As shameful as it may be for me to say this, but...I sometimes watch 'Reality' television shows.
I try to 'clean this up' a bit by watching the more 'classy' shows, like Bravo's Top Chef and Project Runway, etc. But yes, well...
While waiting for the new season Project Runway, I've been watching Bravo's fashion knock off show, "The Fashion Show" with Isaac Mizrahi and Kelly Rowland.
A recent show started an interesting discussion at our house. Contestants were first quizzed on various fashion icons from the past, then asked to create a complete look inspired by a signature piece based on these icons.
Others here in our version of the Big Brother house objected to this. "They're there to be designer, to create something new! Who cares if they know these people from the past!" While I agreed that the challenge was biased toward those who had gone to design school where one formally learns about such things, and also thought that it was wrong to give some contestants in the first challenge multiple choice but not do the same for others -- and, I confess, I'd JUST finished reading Nina Garcia's Little Black Book of Style (...umm....don't ask!:) or else I wouldn't have known some of the answers either -- I understand exactly this challenge was coming from.
As a writer, I think it is very important for artists and creative people to know where their particular genre came from, who the major figures from its past are, and how have they influenced what we see, read, and hear now. It always saddens me to talk to younger writers and ask "Who are your favorite poets" and hear "Oh, I don't read other writers - I don't want to get influenced by them." And I don't think I'm the only one who has run into this response.
ALL of us are influenced by the past. While we think we're being "New" and inventing something never seen before, more often than not we are simply recreating a pale imitation of something or someone who has gone before us. All of us can learn a great deal from past masters, about how they solved problems and achieved their goals, and often looking at the past can be a guide or road map for how to proceed in your own work and career.
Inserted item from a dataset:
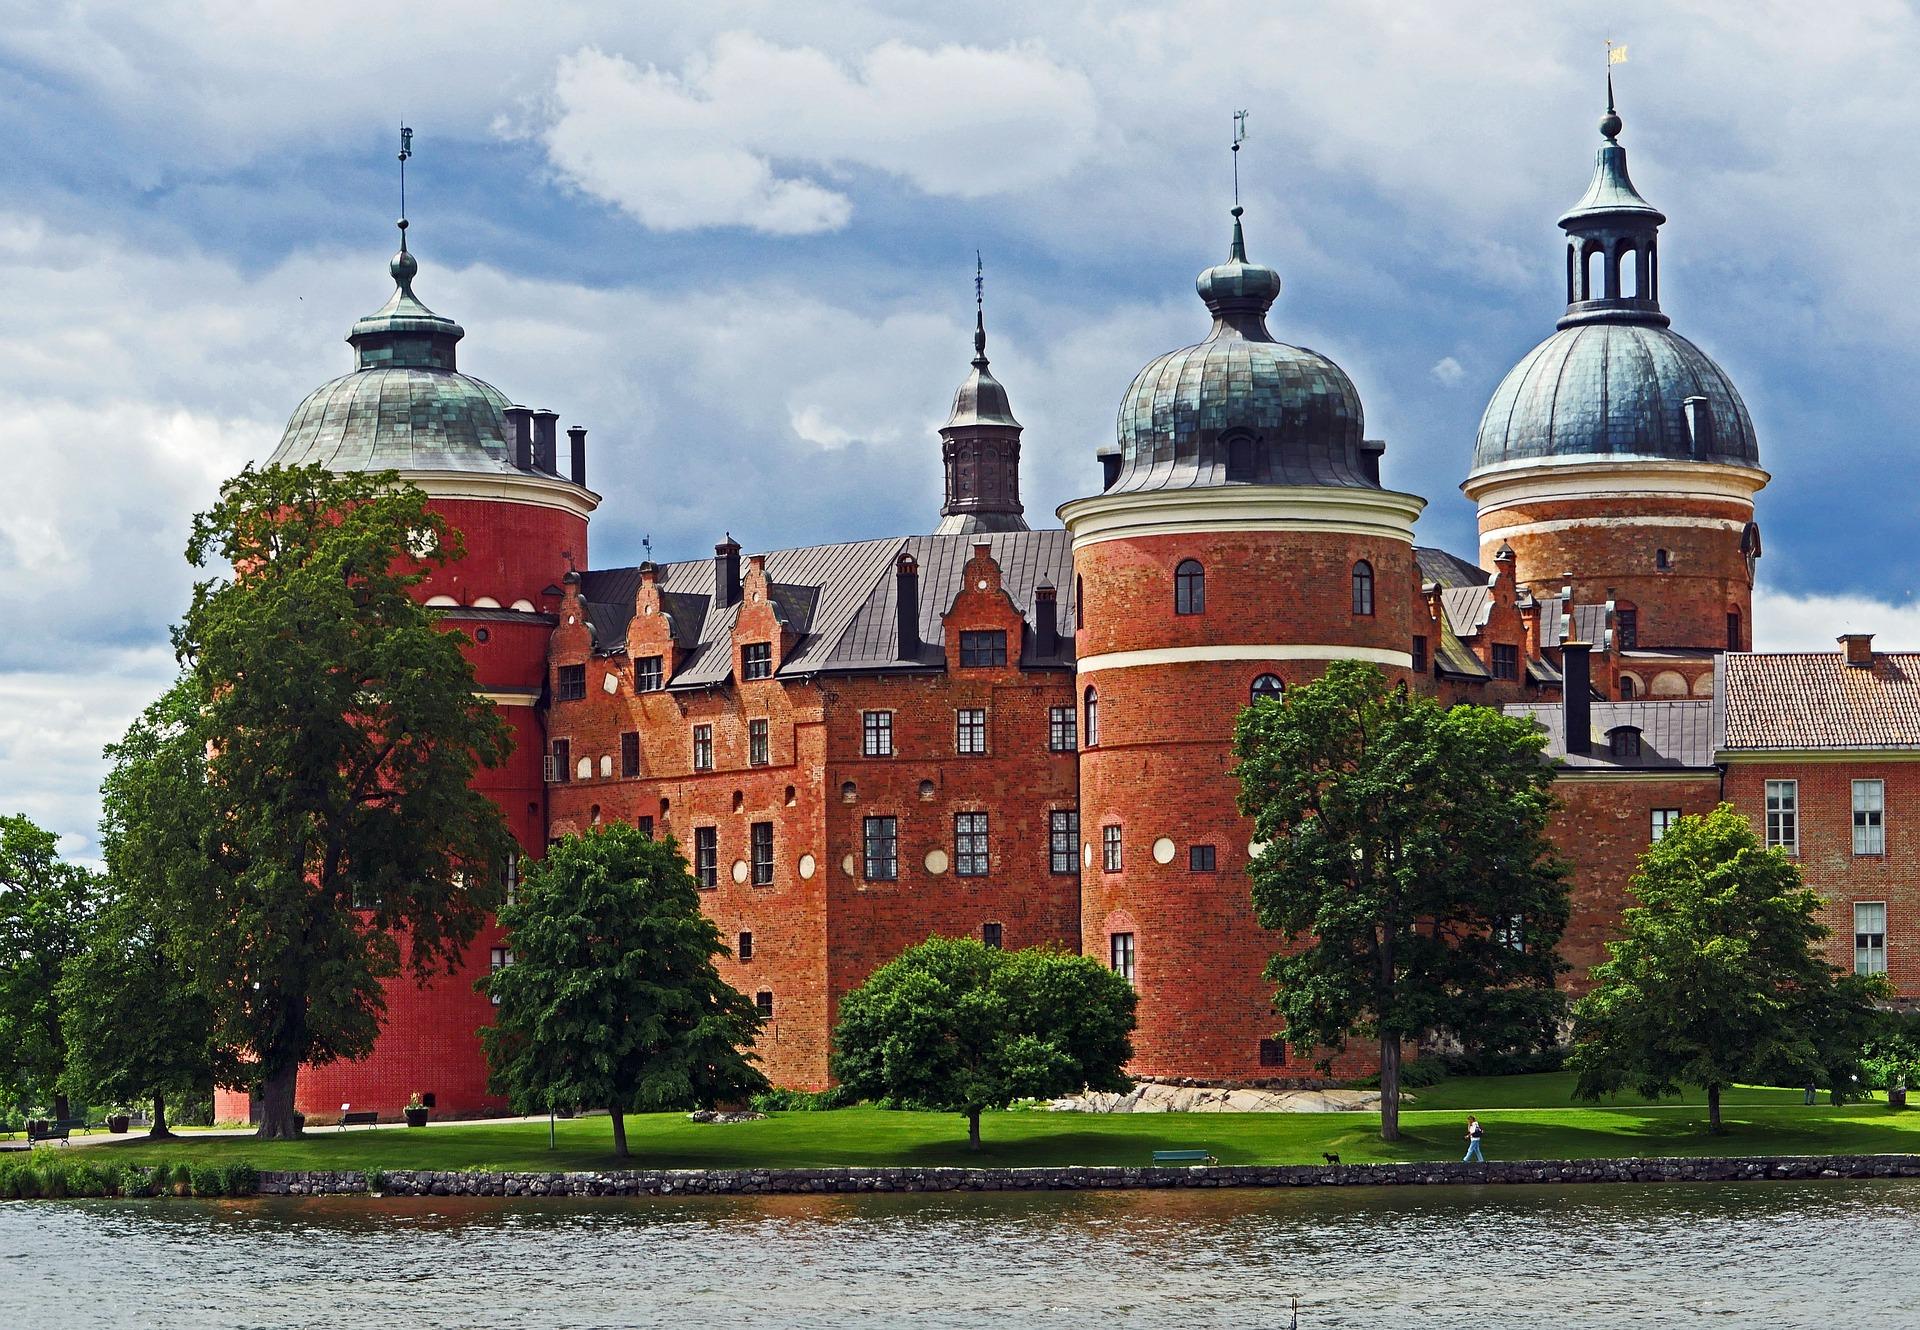 Der Palast Gripsholm

Finally, it's always good to know that your field doesn't begin (or end) with you. We are part of a continuum, joining in a procession of creative people who went before us, giving insight and support to those who will follow us.
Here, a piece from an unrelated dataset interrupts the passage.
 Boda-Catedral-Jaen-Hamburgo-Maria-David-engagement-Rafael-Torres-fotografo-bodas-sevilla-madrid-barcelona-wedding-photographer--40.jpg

In the end, The Fashion Show judges had to choose between two people to eliminate: someone who knew the work of the past designer they had been assigned, but got it wrong by using incorrect materials and going her own way; or someone who DIDN'T know the history, and created a garment that, because of that, looked very little like something their designer from the past would have done. They (rightly to my mind) decided to let the person who 'knew' go, keeping the one who 'didn't know.' It is never too late to look back, educate yourself and improve.